■ **REQUIRED WORK**
Given the records underneath, please repeat exactly the lines from the line with "CTGP-7 Cia Download" through the line with "The Best Kids Gardening Tools Of 2020", passing over any picture.
------ INPUT DATA ------
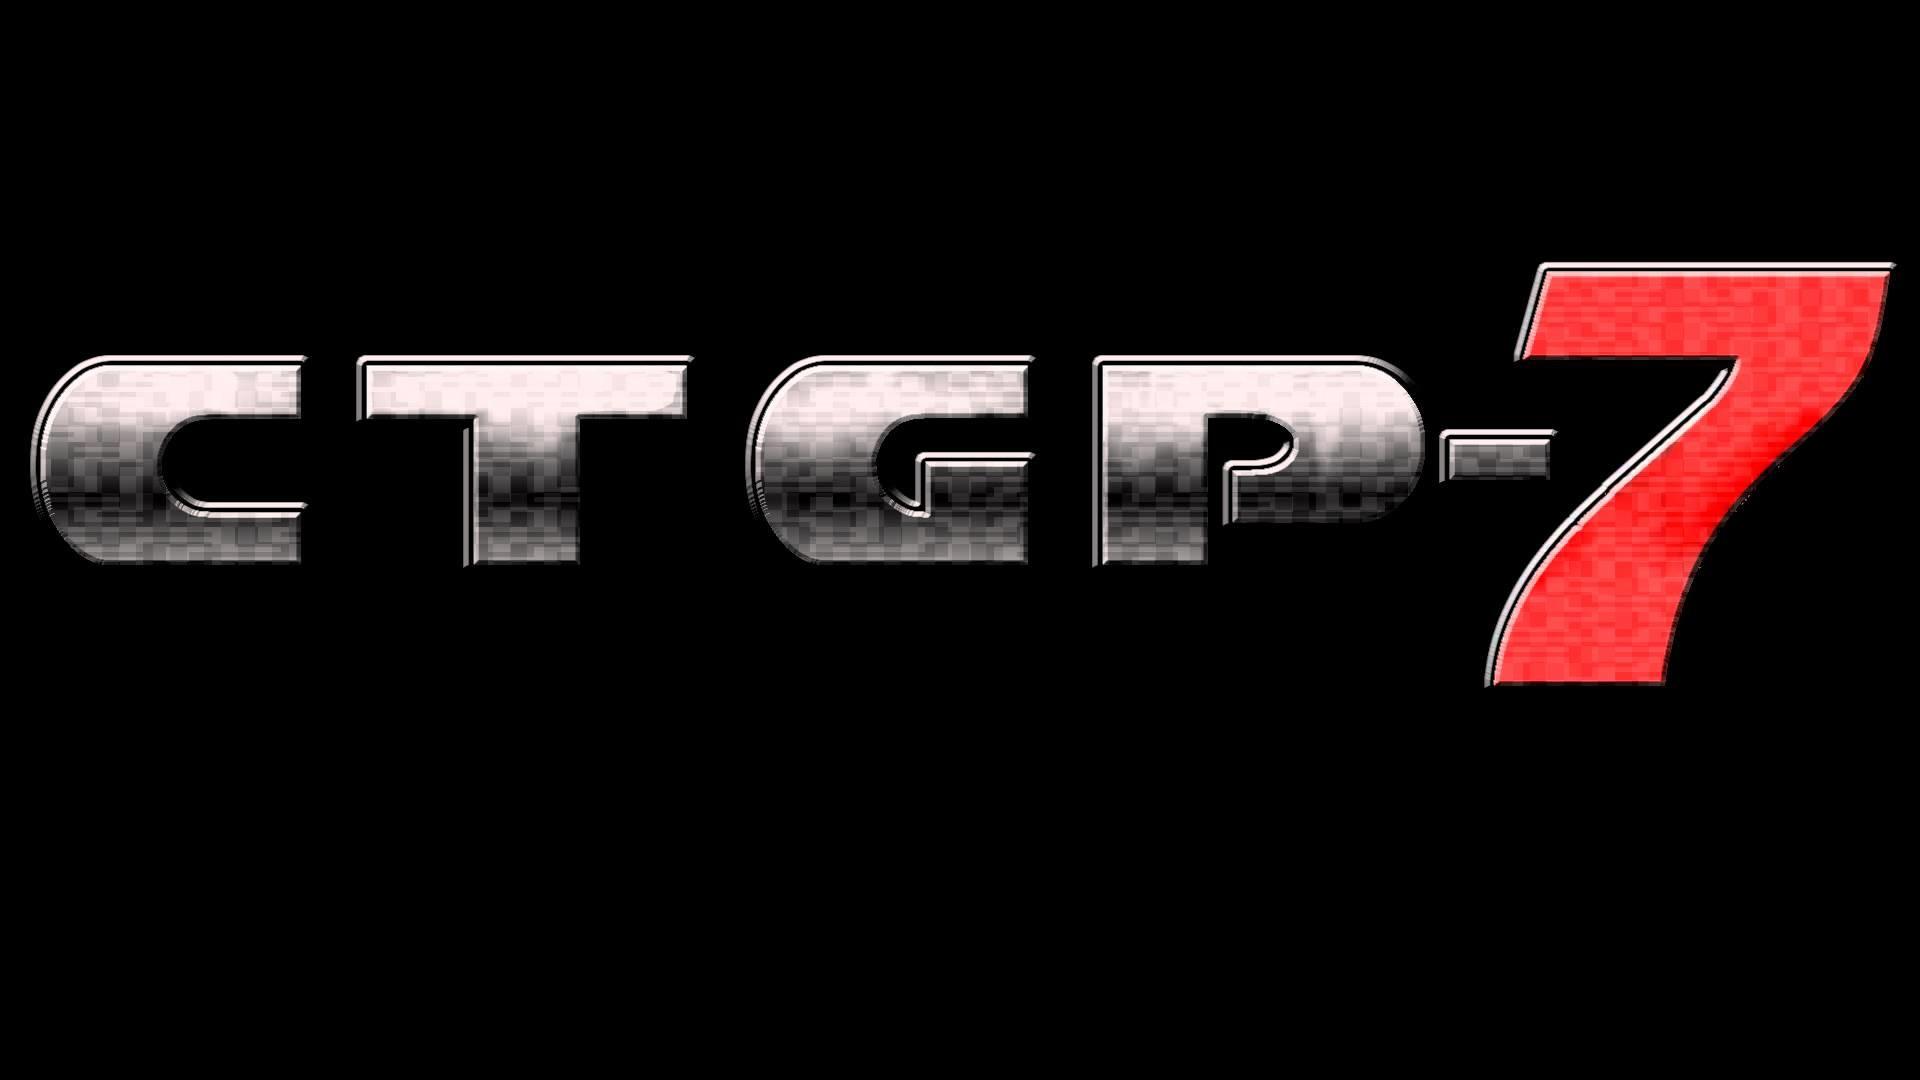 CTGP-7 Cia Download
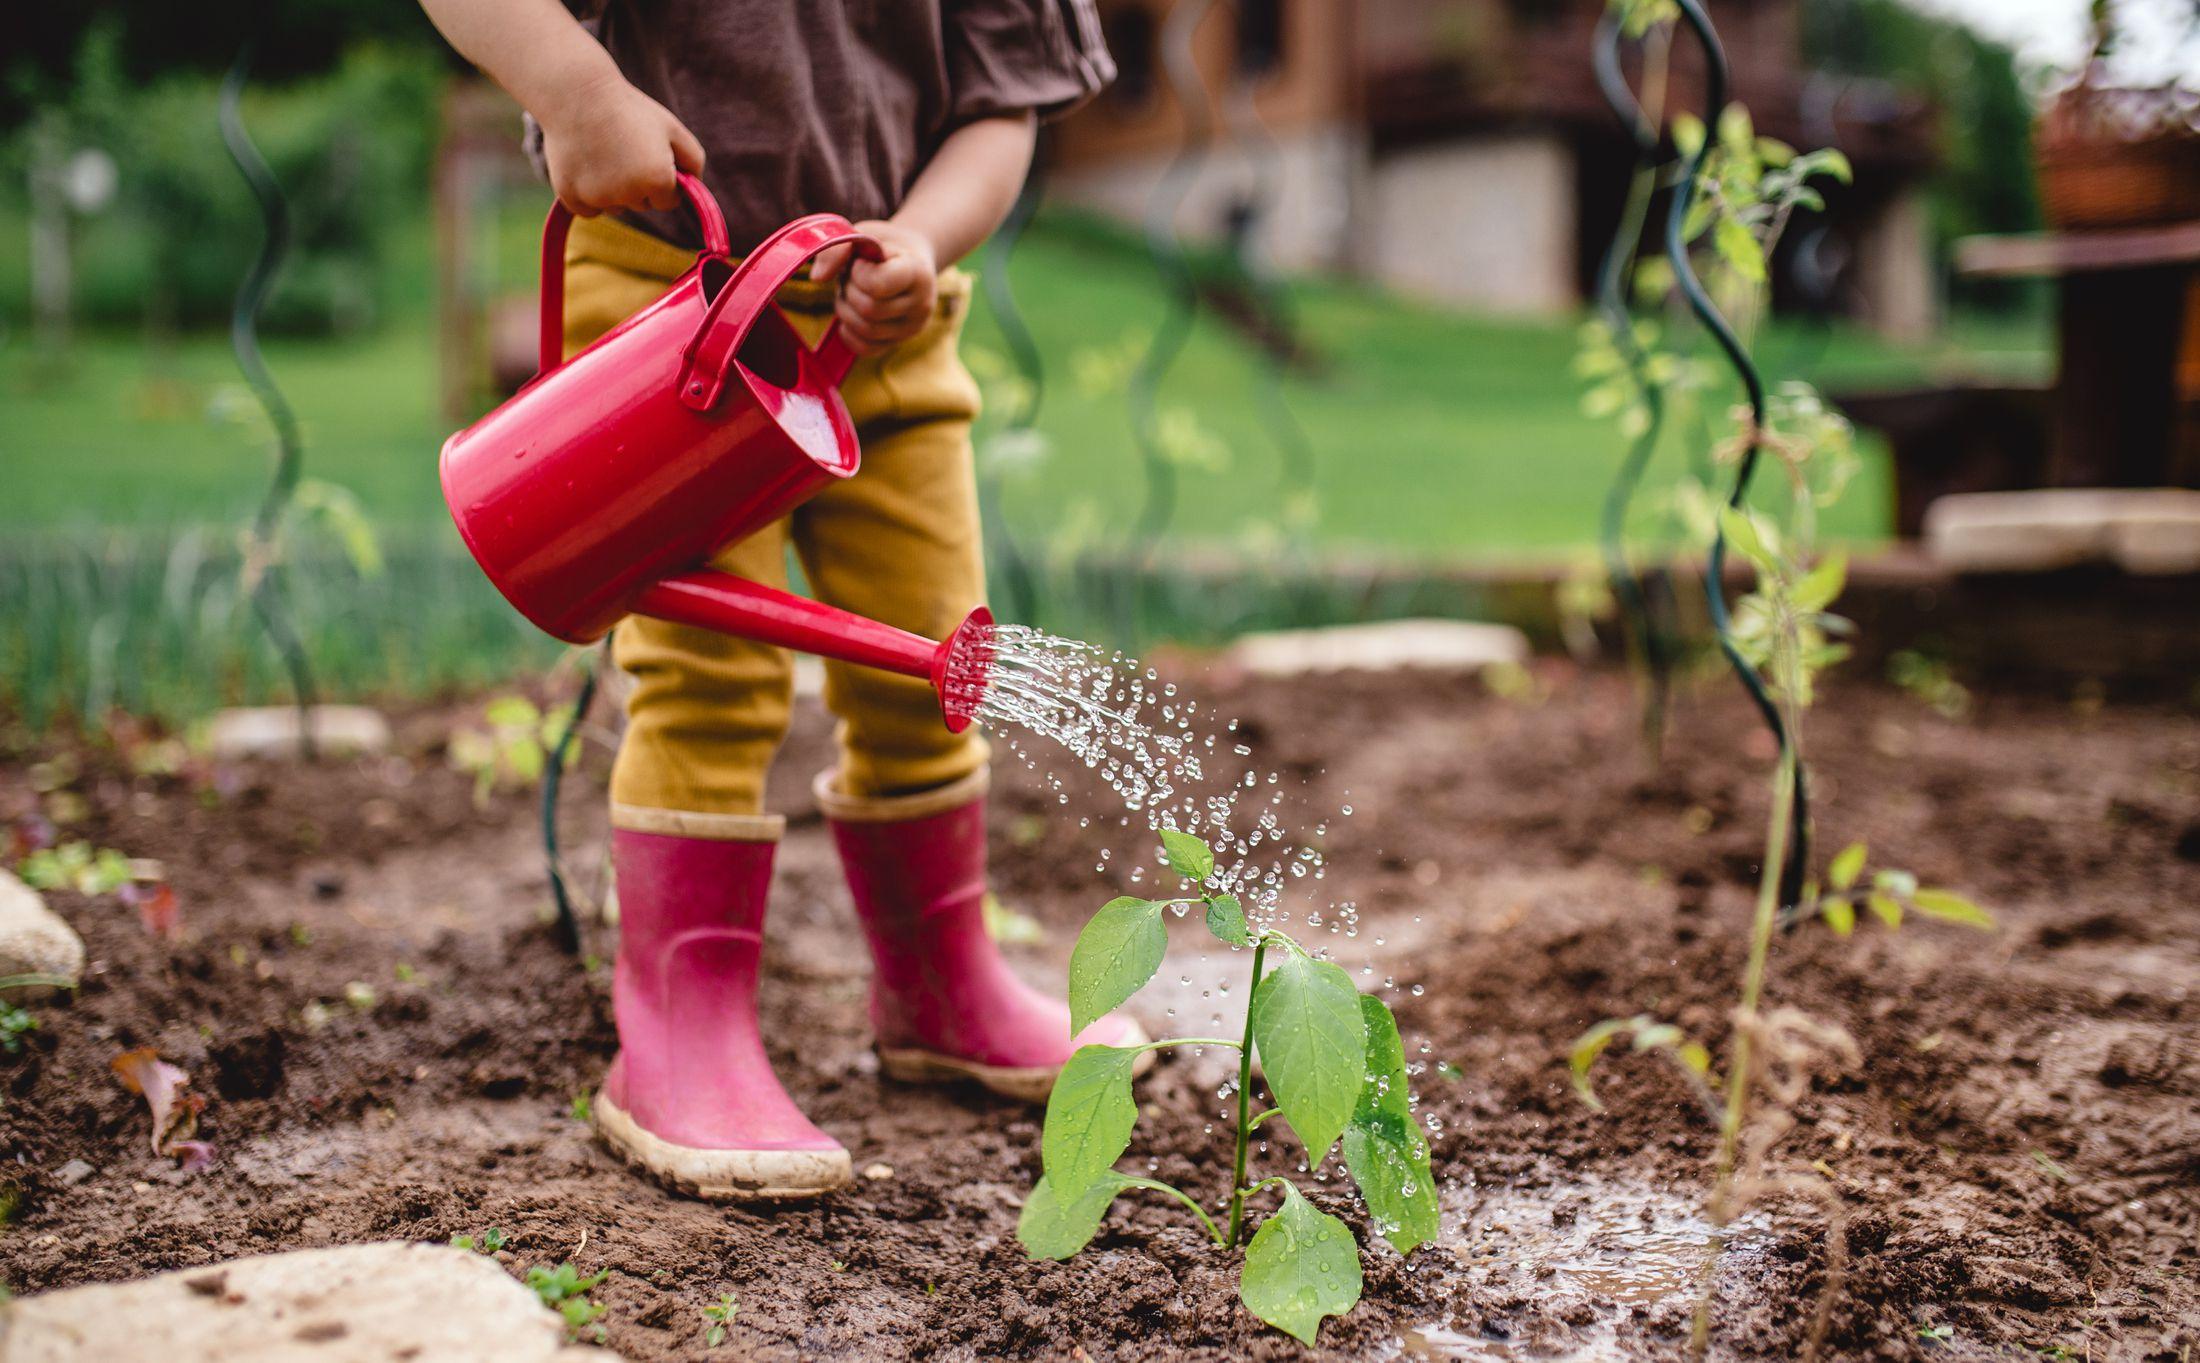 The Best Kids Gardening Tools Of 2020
------
------ INPUT DATA ------
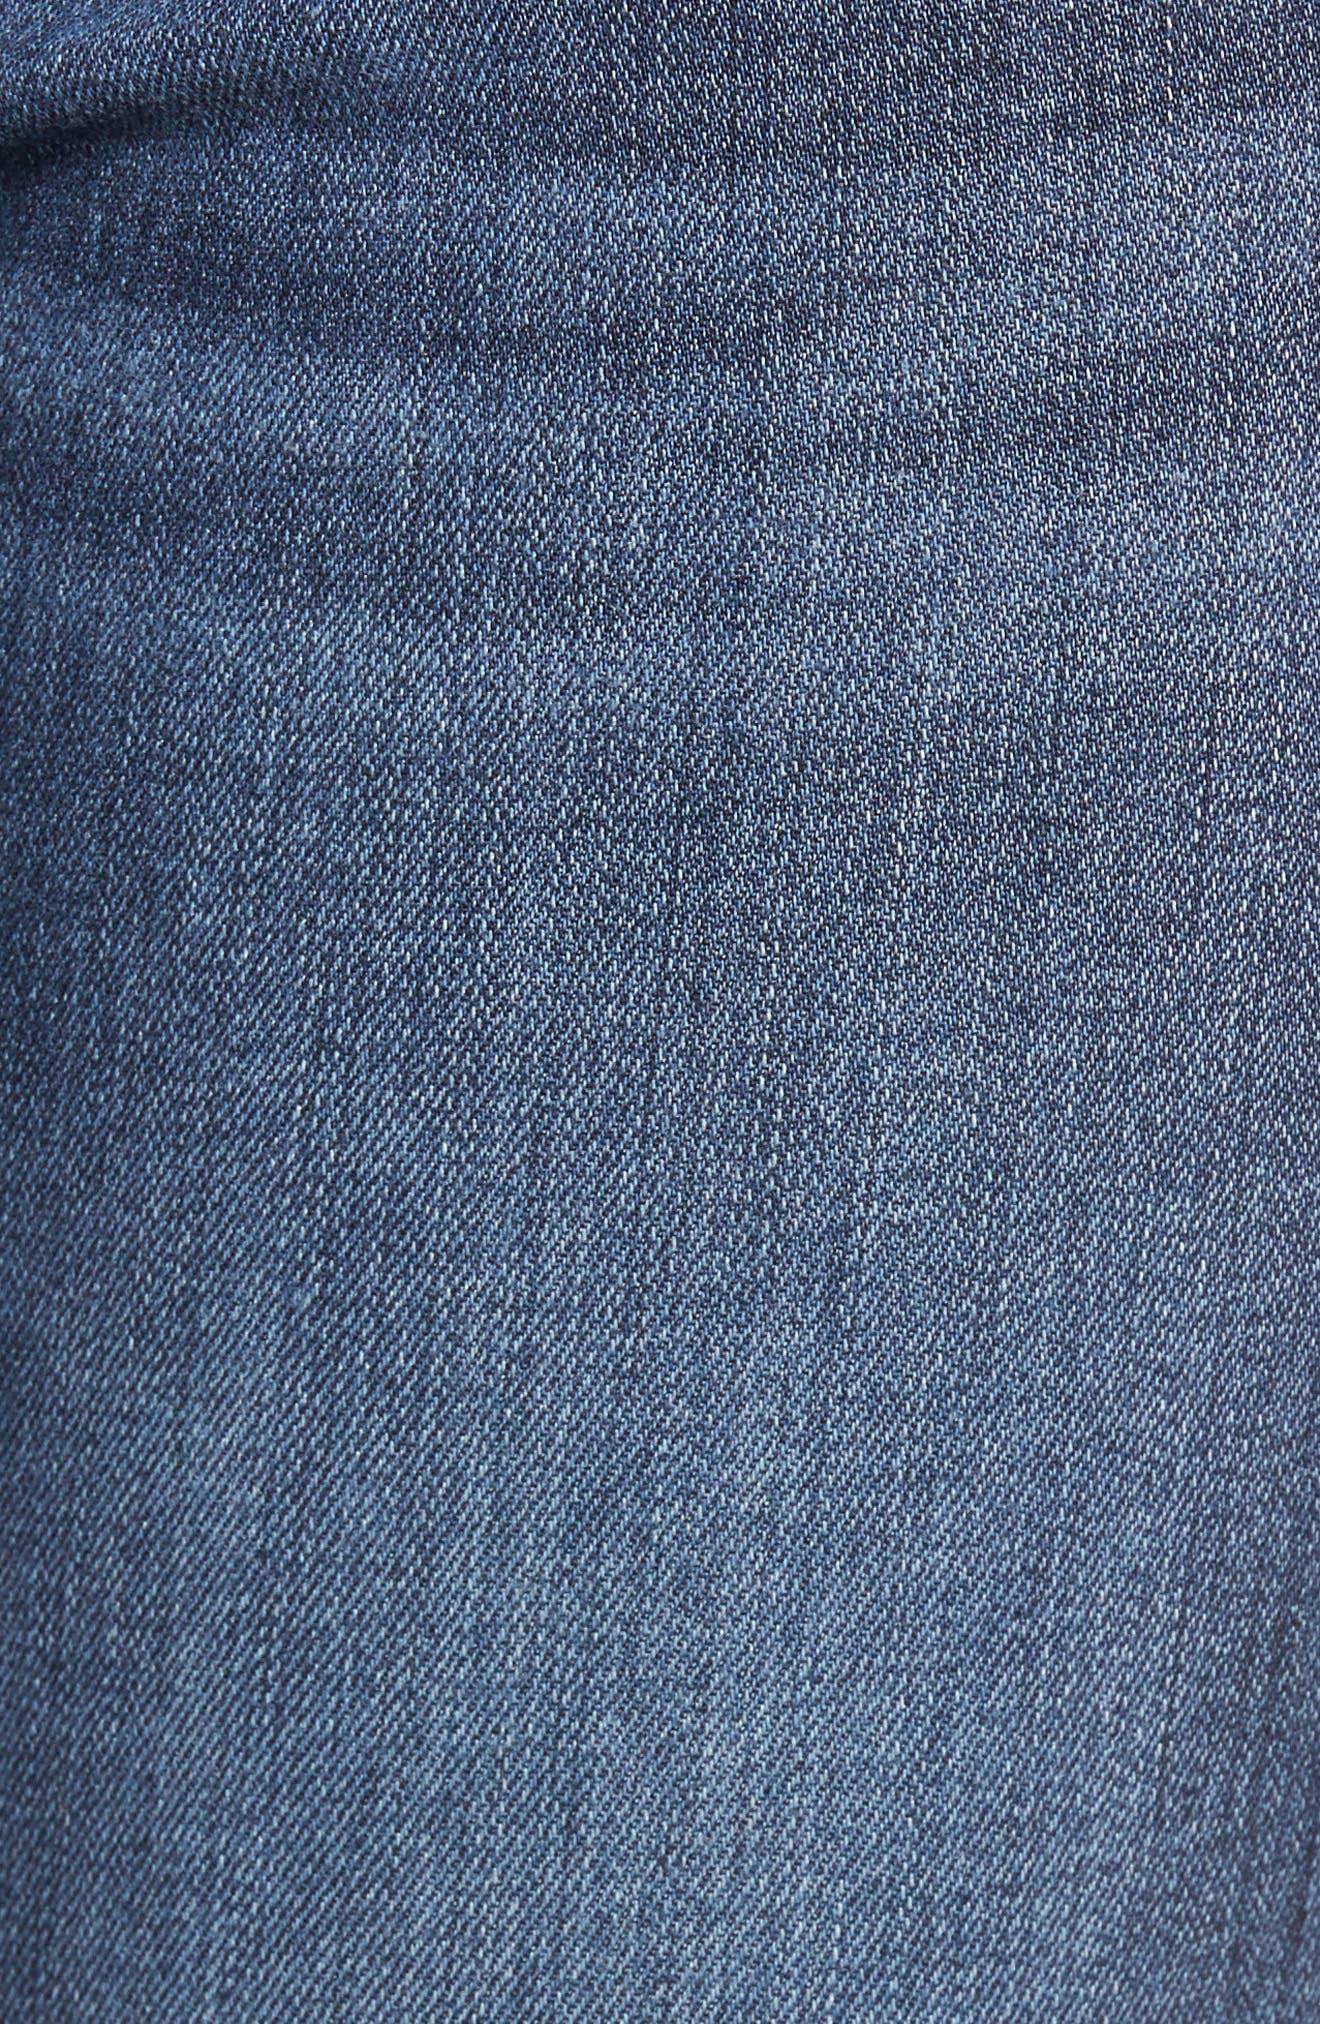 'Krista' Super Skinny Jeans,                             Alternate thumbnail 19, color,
------
■ **TASK RESPONSE**
 CTGP-7 Cia Download
 The Best Kids Gardening Tools Of 2020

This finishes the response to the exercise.